After years in which Mr. Netanyahu and Mr. Barak pursued the Iranian threat in close partnership, the prime minister now seems virtually alone in his defiant stance, as other leaders attempt to distinguish their positions ahead of Israeli elections on Jan. 22. While Mr. Netanyahu said in his Sept. 27 speech at the United Nations that the critical moment for preventing Iran from developing a weapon would most likely come next spring, Mr. Barak last week pushed the timetable back further, and offered a new explanation of Israel’s reduced sense of urgency.
The crux of Mr. Barak’s argument, made in an interview with Britain’s Daily Telegraph, was based on reports by the International Atomic Energy Agency, the most recent inAugust, showing that Iran had 189 kilograms, about 416 pounds, of uranium enriched to the 20 percent level — from which it could relatively easily be further enriched to weapons grade. Roughly half of that was diverted to civilian use in a form that could not be easily turned into bomb fuel. But Iran has continued production and by most estimates, at current rates, would have roughly a bomb’s worth by next summer.
That “allows contemplating delaying the moment of truth by 8 to 10 months,” Mr. Barak said.
But several high-ranking Israeli officials and analysts said that Mr. Barak’s explanation was overly simplistic.
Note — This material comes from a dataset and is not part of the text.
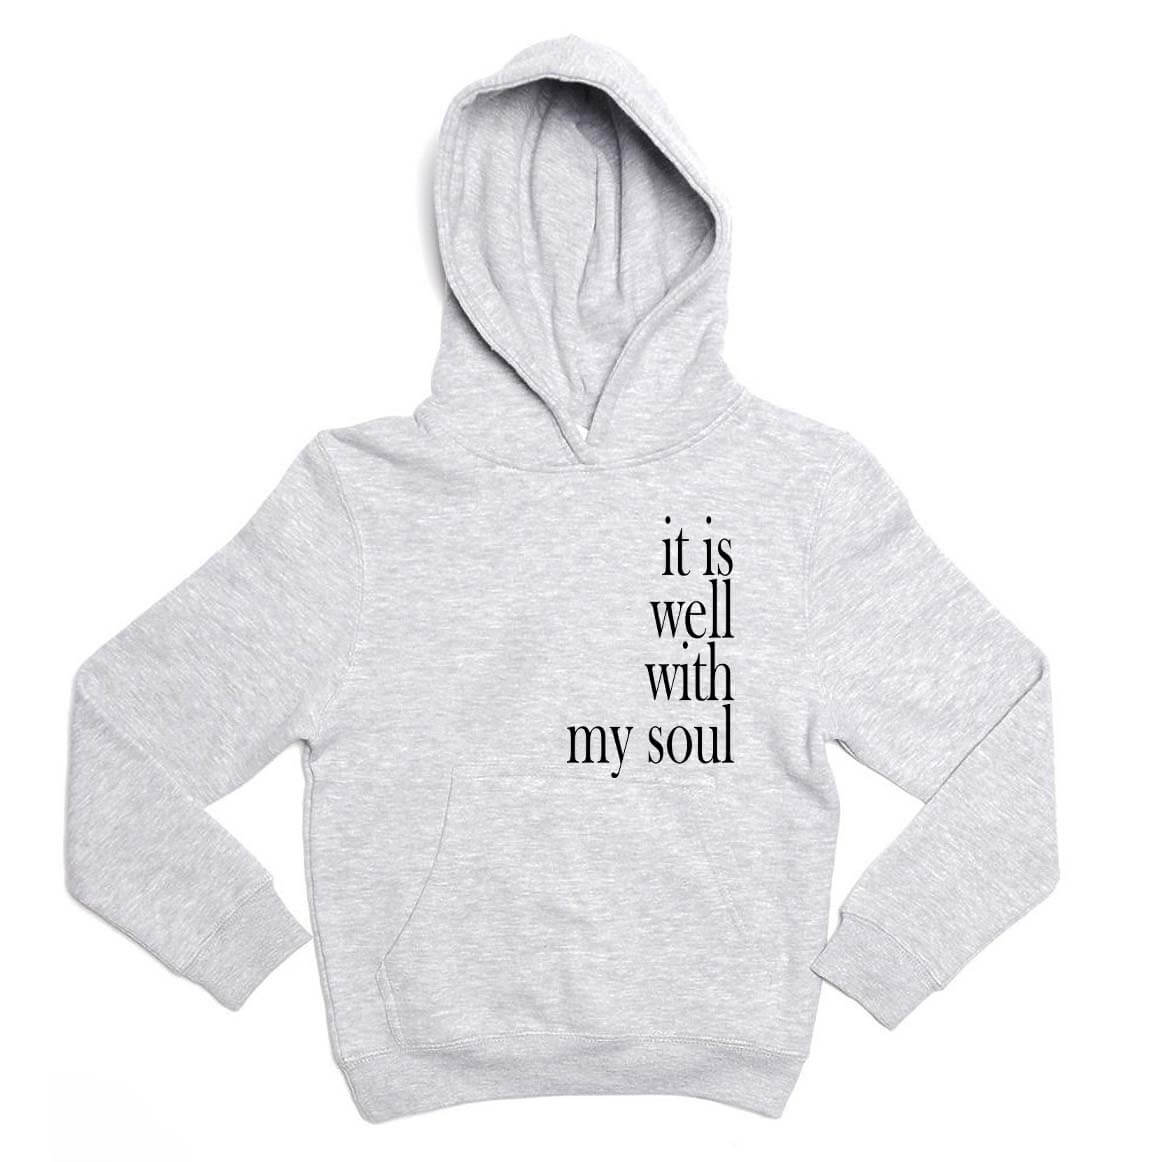 It Is Well With My Soul Youth Sweatshirt Hoodie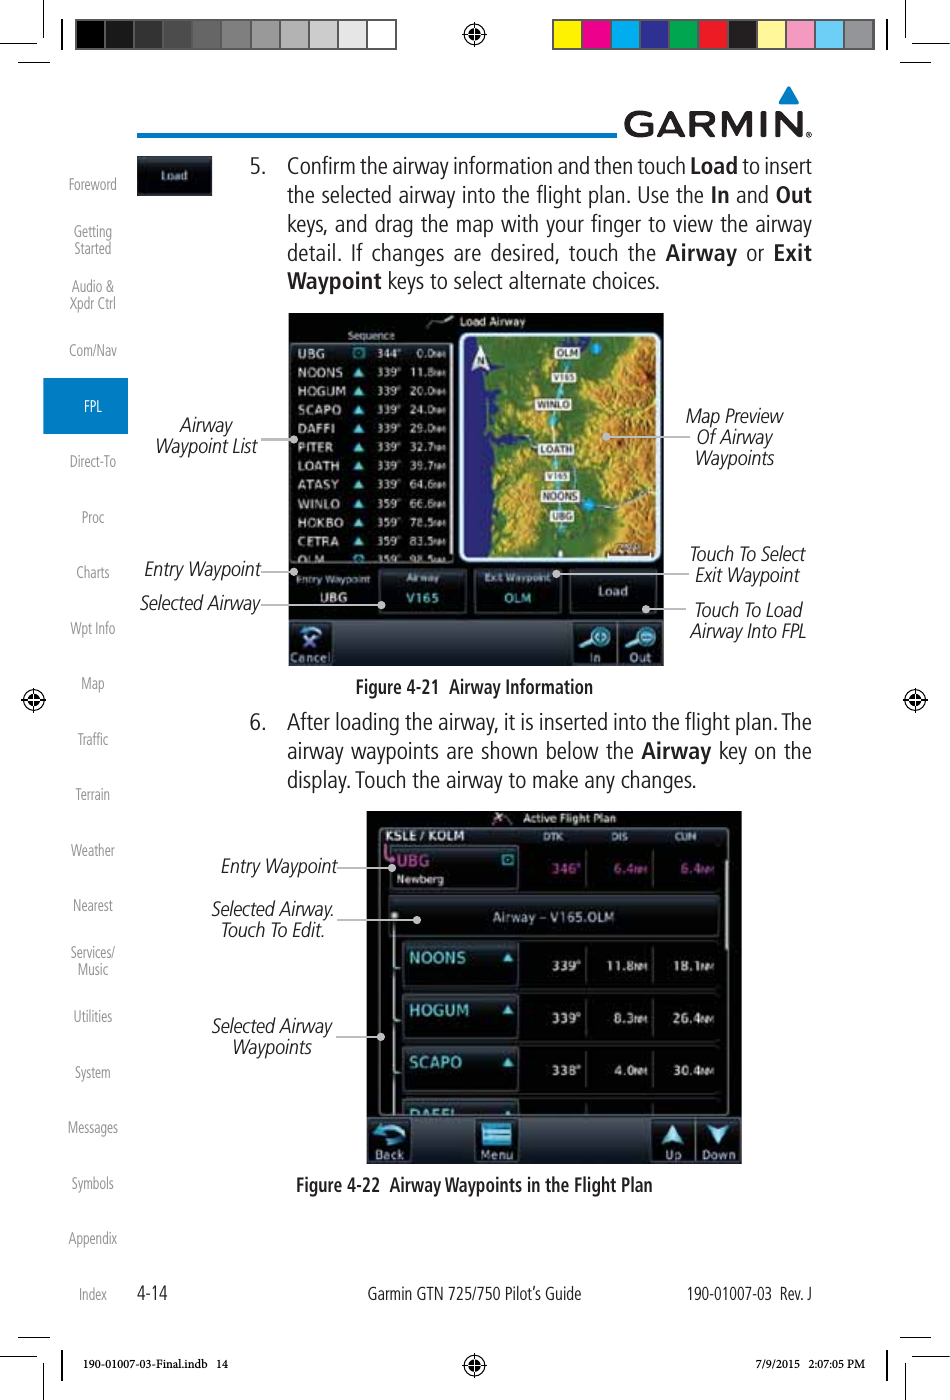 4-14Garmin GTN 725/750 Pilot’s Guide190-01007-03  Rev. JForewordGetting StartedAudio &amp;  Xpdr CtrlCom/NavFPLDirect-ToProcChartsWpt InfoMapTrafﬁcTerrainWeatherNearestServices/ MusicUtilitiesSystemMessagesSymbolsAppendixIndex  5.  Conﬁrm the airway information and then touch Load to insert the selected airway into the ﬂight plan. Use the In and Out keys, and drag the map with your ﬁnger to view the airway detail. If changes are desired, touch the Airway or Exit Waypoint keys to select alternate choices. Touch To Select Exit WaypointTouch To Load Airway Into FPLAirway Waypoint ListEntry WaypointSelected AirwayMap Preview Of Airway WaypointsFigure 4-21  Airway Information  6.  After loading the airway, it is inserted into the ﬂight plan. The airway waypoints are shown below the Airway key on the display. Touch the airway to make any changes. Entry WaypointSelected Airway. Touch To Edit. Selected Airway WaypointsFigure 4-22  Airway Waypoints in the Flight Plan190-01007-03-Final.indb   14 7/9/2015   2:07:05 PM

While the diversion was clearly a factor, they said, it was not a new development: the nuclear agency had reported a similar transfer of enriched uranium in May, and that had hardly cooled the rhetoric of either Mr. Barak or Mr. Netanyahu through the summer. And both men have long warned of secret centrifuges that could be spinning without outside knowledge, enabling rapid replenishment of the enriched stockpile.
“Netanyahu backed away because he was getting the message that he was going too far and this could do damage, this was not helpful either to Israel or to stopping Iran,” said Emily Landau, an Iran expert at the Institute for National Security Studies at Tel Aviv University. “It might be easier for Barak to now say that it’s because of the technical issue, but it’s not a real issue. Relations with the United States is a much more substantial, real issue, but it’s more difficult to give that as your explanation.”
Graham Allison, a Harvard professor of government who specializes in international security, called Mr. Barak’s statement “kind of a convenient excuse,” adding that “the reason they really blinked” was that the prime minister was unable to convince a majority of his cabinet of the wisdom of acting alone.
“The big phenomenon here is what I’ve called the revolt of the Israeli security barons,” Mr. Allison said. “I can’t think of a prior Israeli government or an analogous case anywhere where there’s such a clear gap between a prime minister on one hand and his security establishment on the other.”